━━━ Information supplied

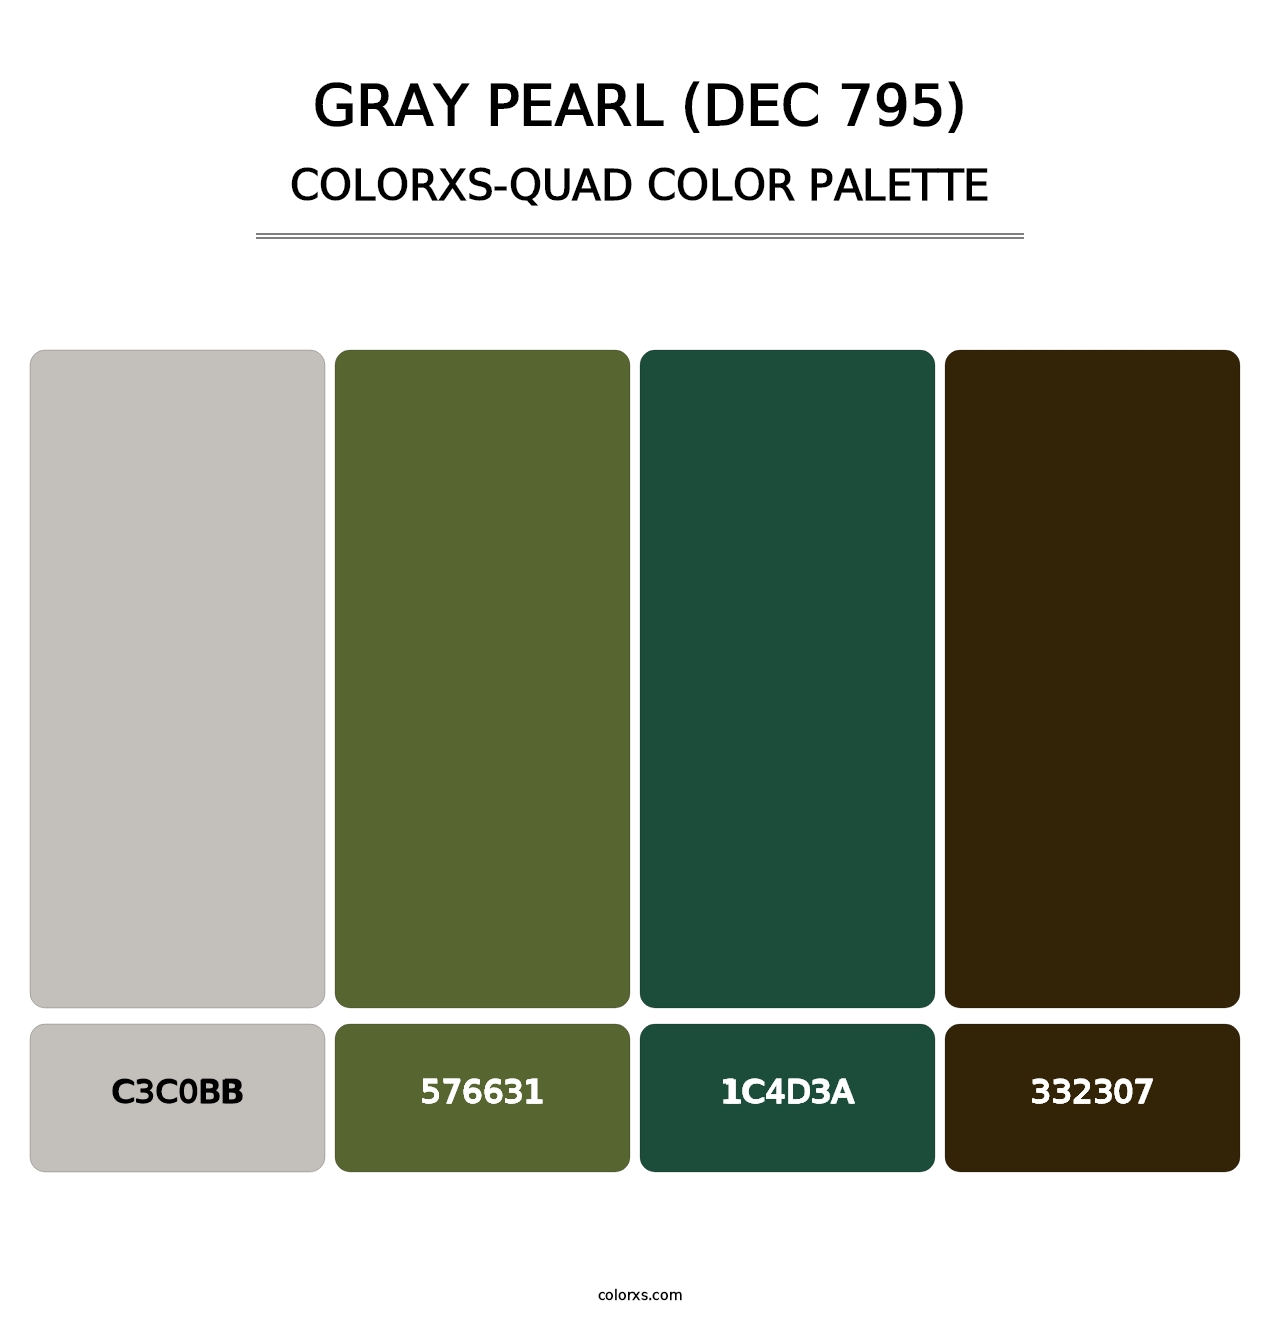 Gray Pearl (DEC 795) - Colorxs Quad Palette
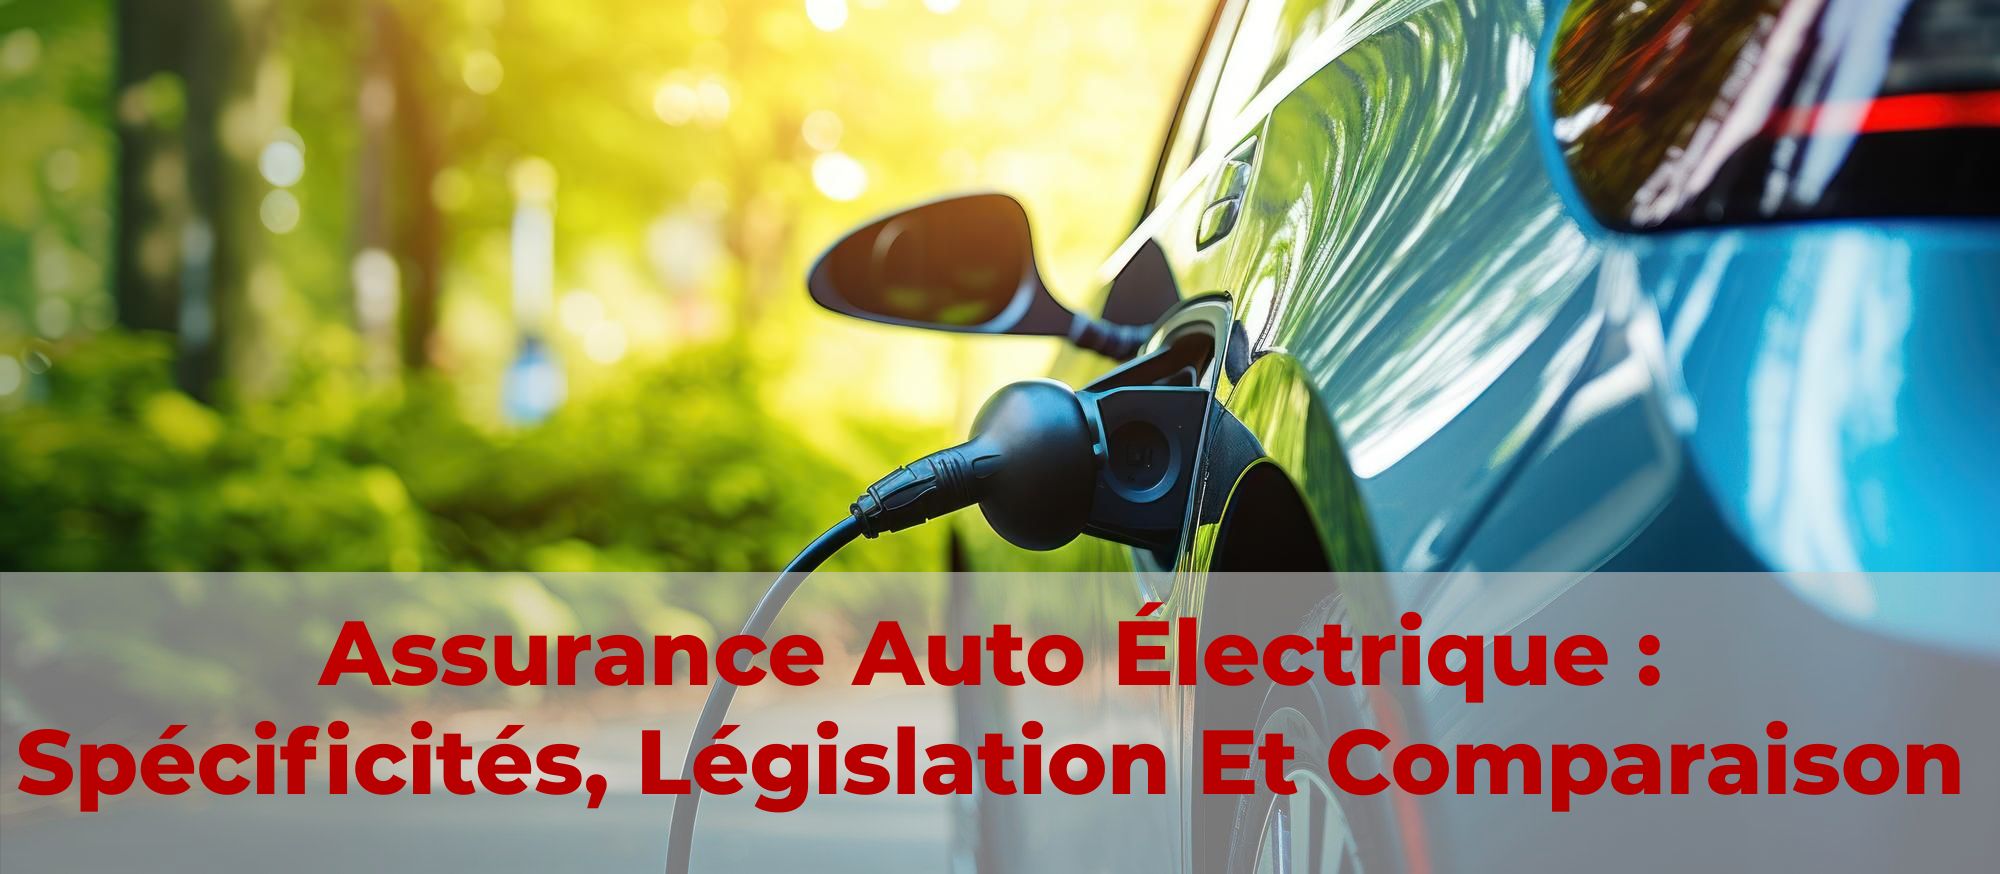 Assurance pour les conducteurs de véhicules électriques
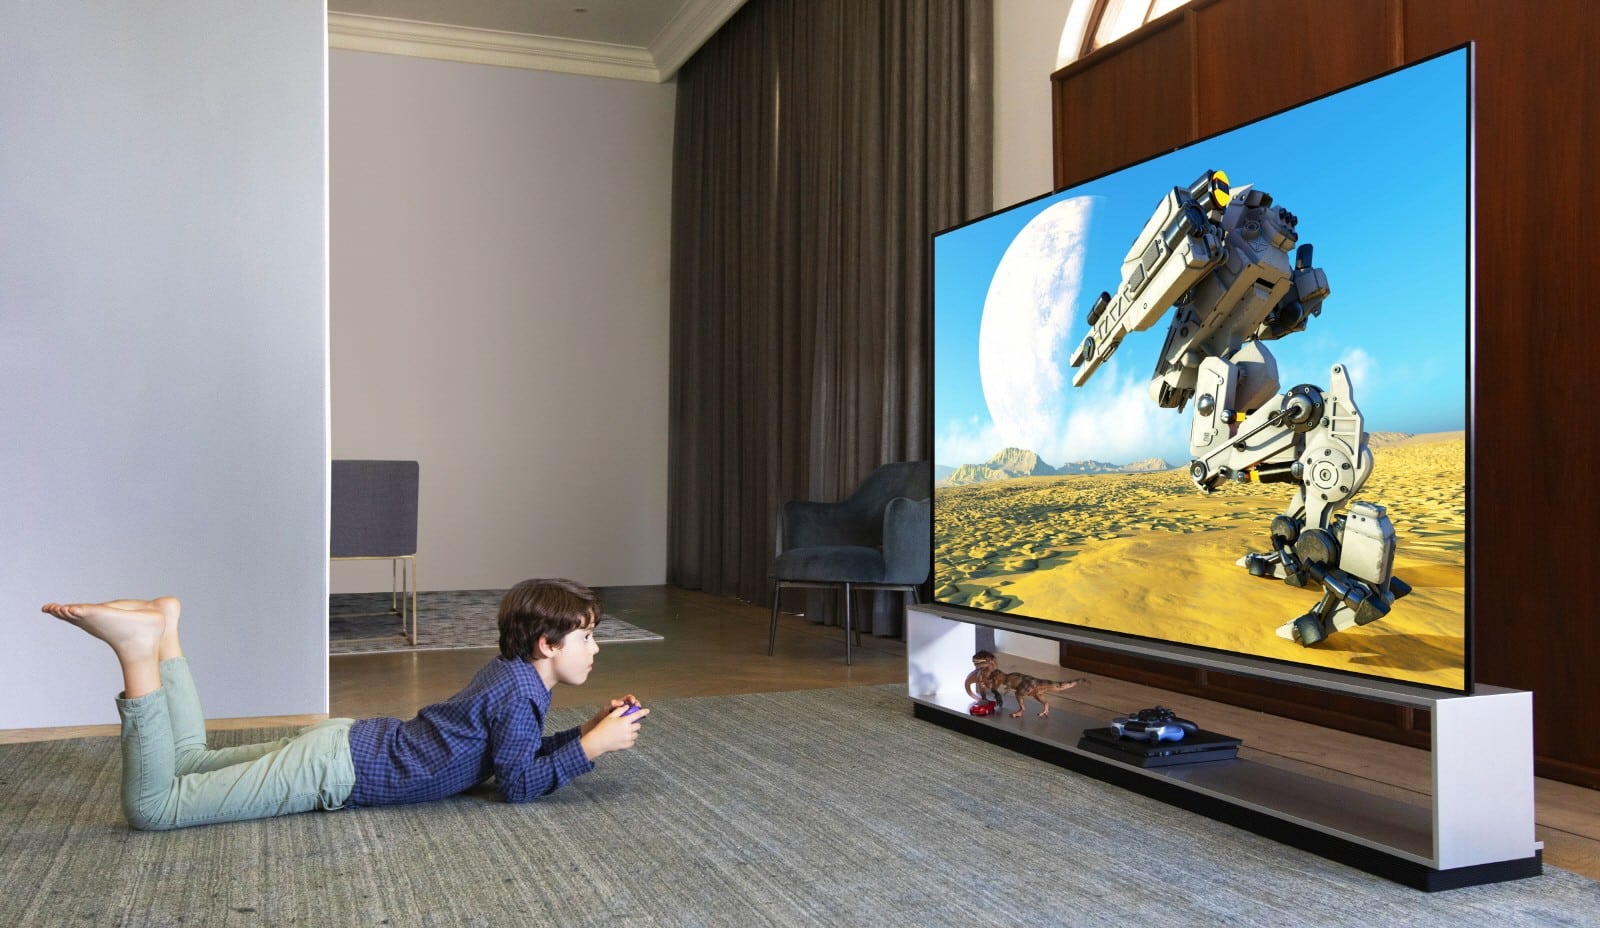 لماذا تعد أجهزة التلفزيون بتقنية OLED هي الأفضل للألعاب؟
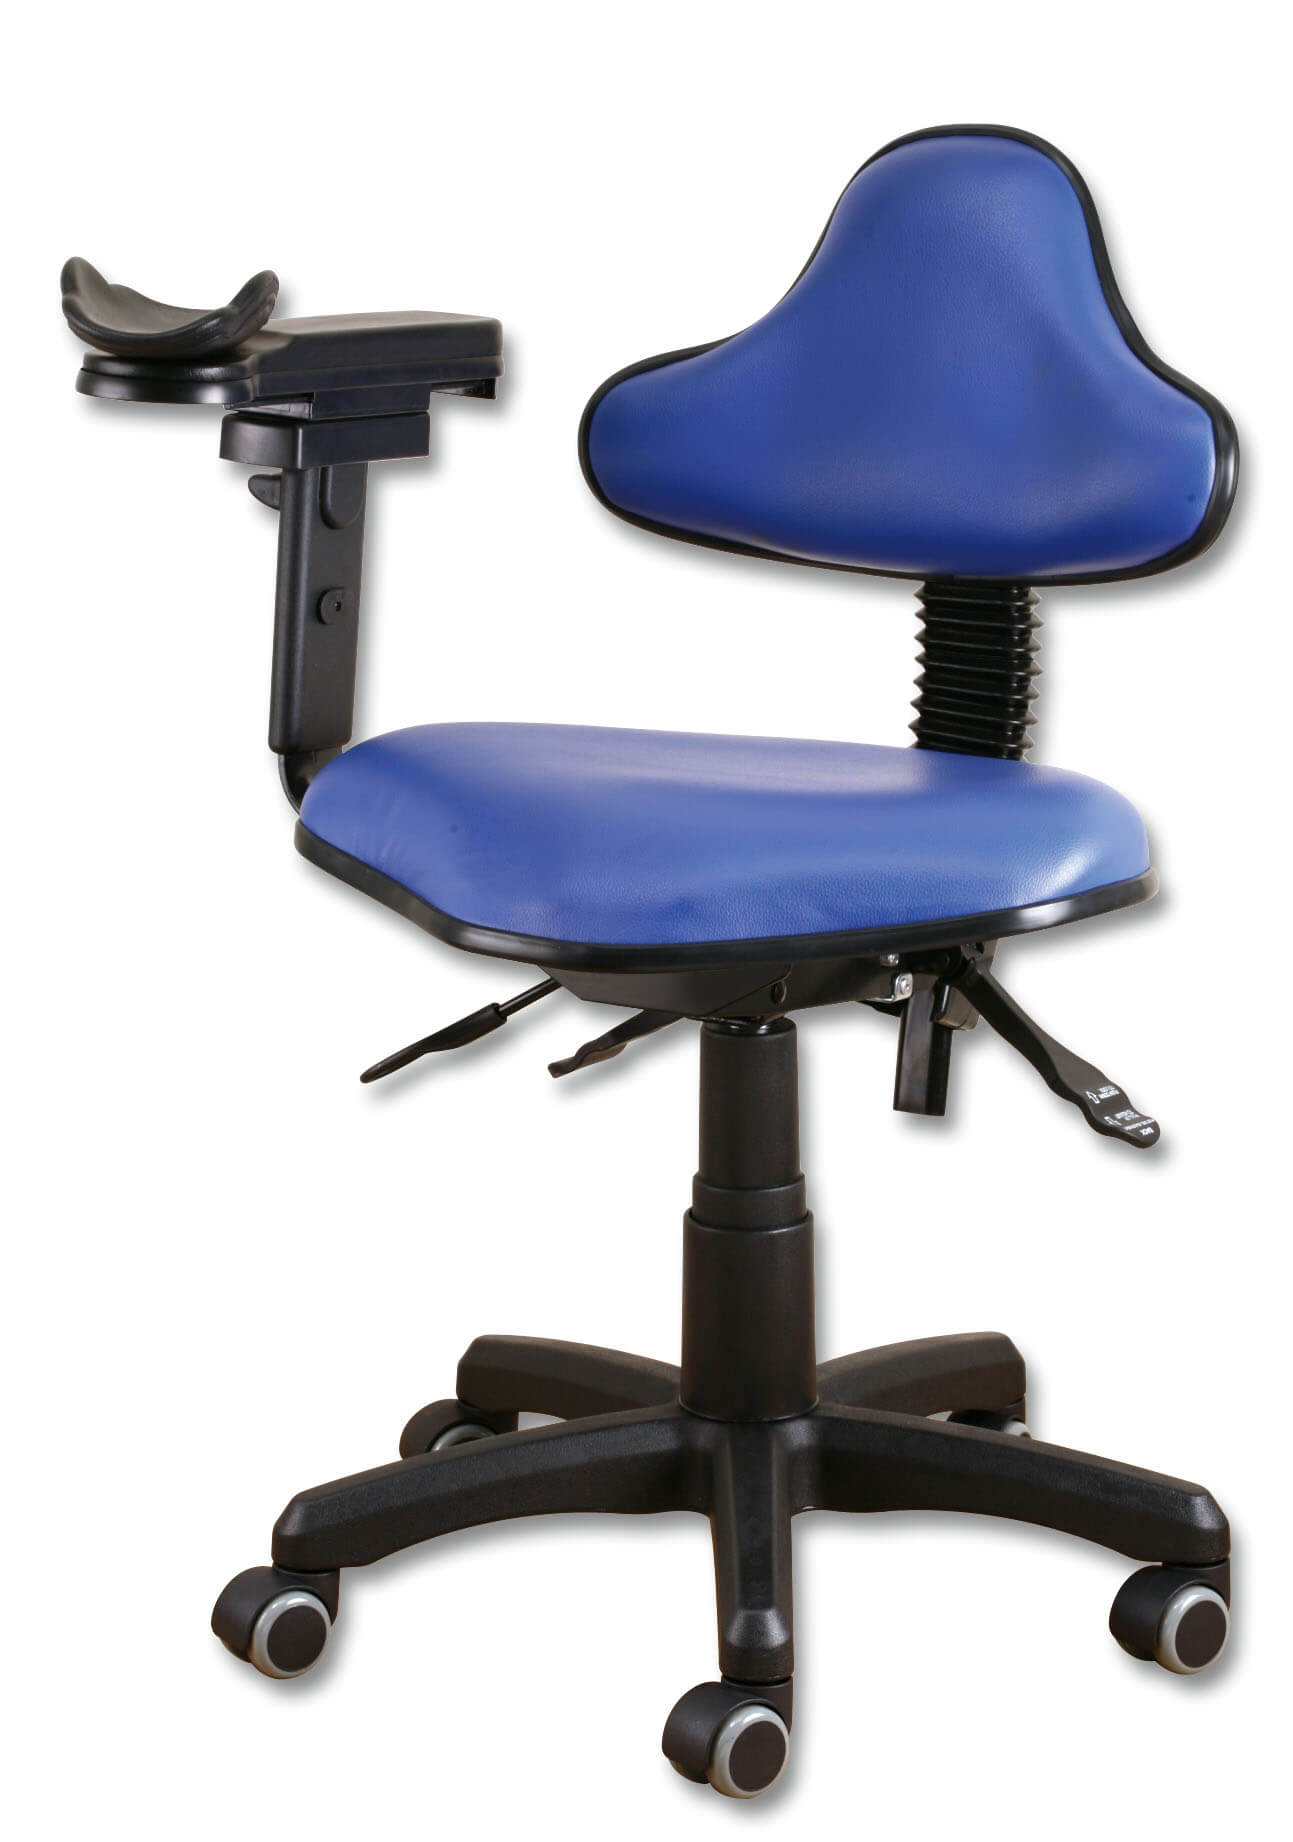 人體工學醫師椅 Image

━━━━━━

*Assignment:* Omit pictures and output the listing exactly.

*Answer space:*
 Gray Pearl (DEC 795) - Colorxs Quad Palette
 Assurance pour les conducteurs de véhicules électriques
 لماذا تعد أجهزة التلفزيون بتقنية OLED هي الأفضل للألعاب؟
 人體工學醫師椅 Image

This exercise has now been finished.